Rasbora arundinata
- Conservation status: Least Concern (IUCN 3.1)

Scientific classification
- Kingdom: Animalia
- Phylum: Chordata
- Class: Actinopterygii
- Order: Cypriniformes
- Family: Danionidae
- Genus: Rasbora
- Species: R. arundinata
- Binomial name: Rasbora arundinata Lumbantobing, 2014

= Rasbora arundinata =

- Authority: Lumbantobing, 2014
- Conservation status: LC

Species of fish

Rasbora arundinata is a species of ray-finned fish in the genus Rasbora. It inhabits the Tripa Jaya, Kluet, and Alas rivers in Sumatra.

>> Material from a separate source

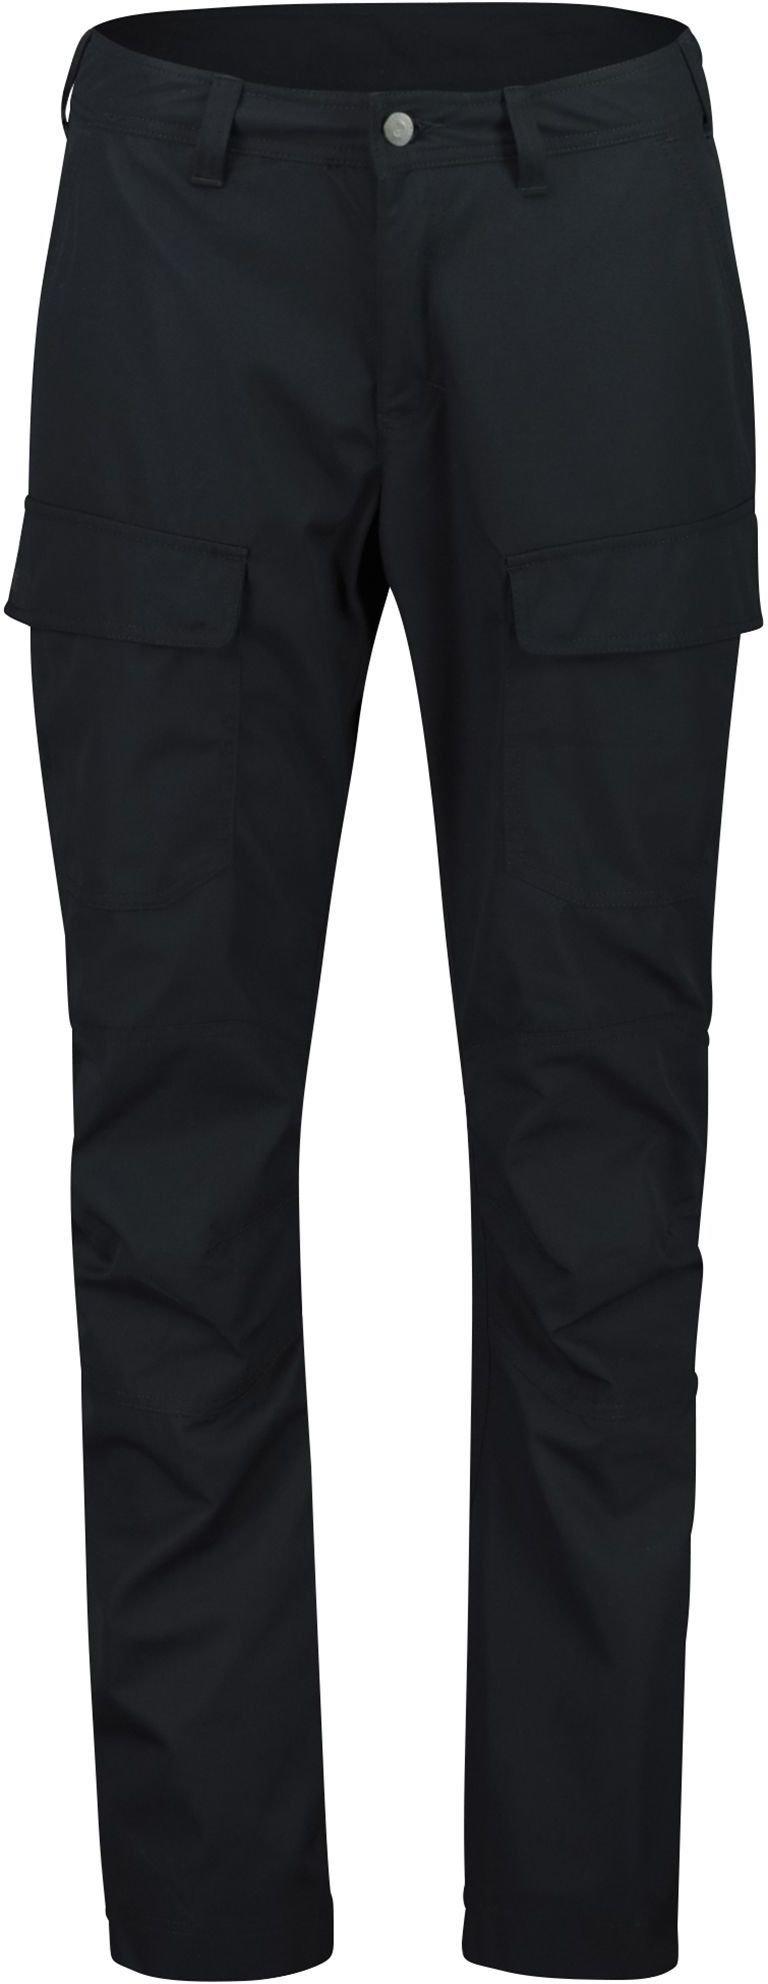 Lundhags Field Pants, herre
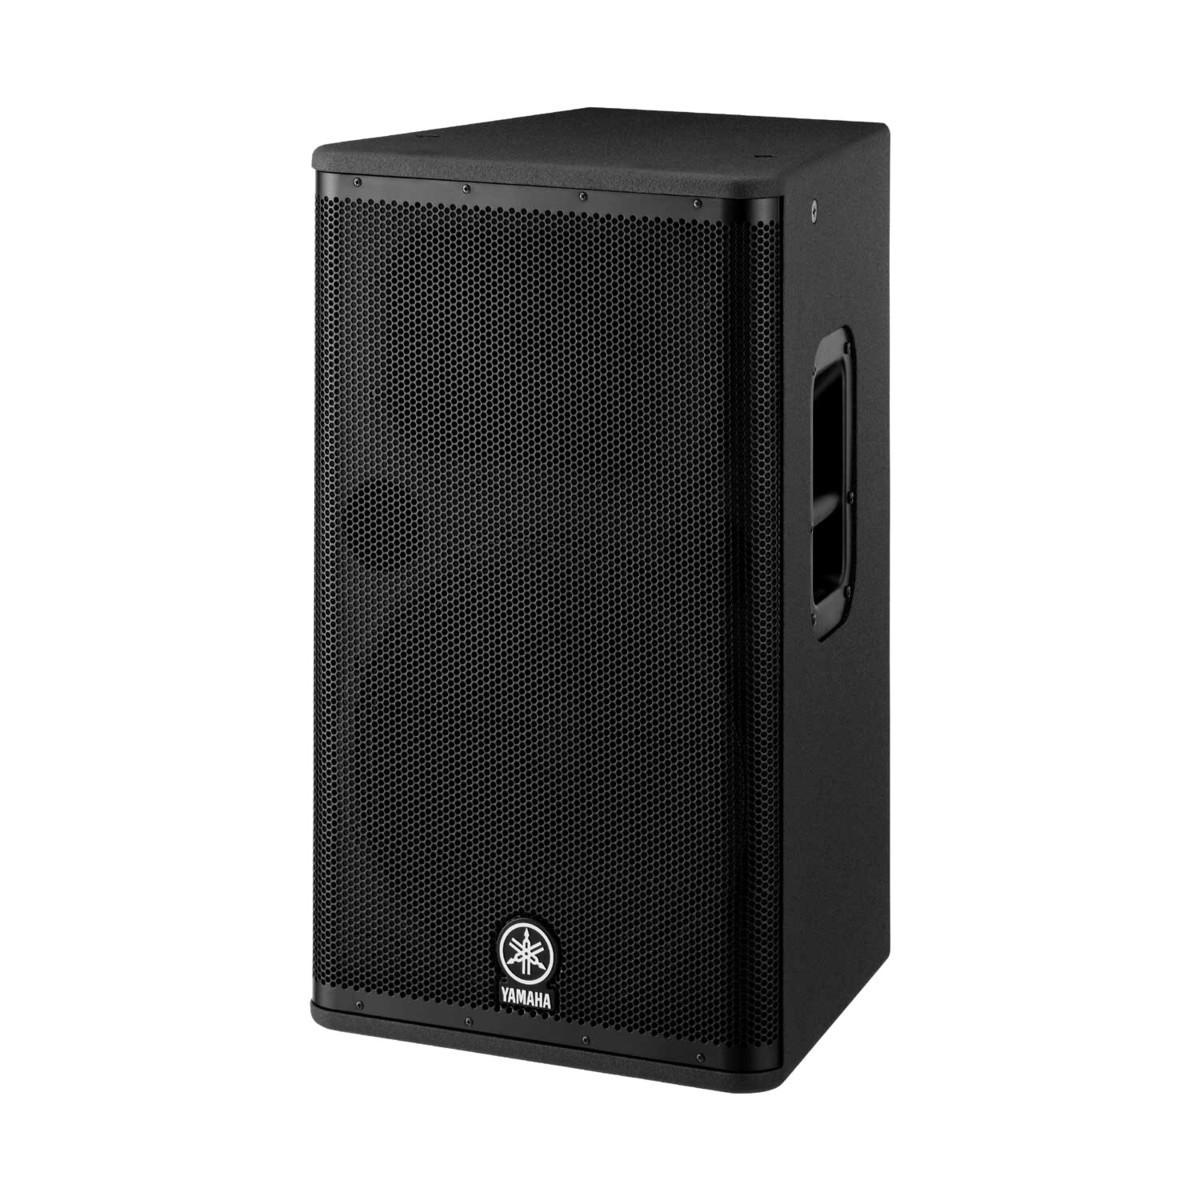 Yamaha dsr115 active pa bundle with speaker stands at for Yamaha dj speaker

== Habitat and distribution ==
This species is native to the rivers of northwestern Sumatra. Specimens have been found in various habitats, including gravel-bottomed mountain streams, moderate-flowing turbid rivers, and muddy backwater pools. R. arundinata has been observed sympatrically with other Rasbora species such as R. api, R. kluetensis, and R. haru.

== Morphological characteristics ==
R. arundinata is distinguished by a prominent black midlateral stripe that intensifies centrally, forming a wedge-shaped subdorsal blotch, collectively resembling a reed-leaf-like profile. The body is laterally fusiform, and the species exhibits typical cyprinid features.

== Taxonomy ==
The species is part of the sumatrana group within the Rasbora genus. The formal description of R. arundinata, along with its congeners, introduced a new diagnostic character for the group: the partial exposure of the upper lip due to a submedial contact between the maxilla and the lower lip, marked posteriorly by a lachrymal groove.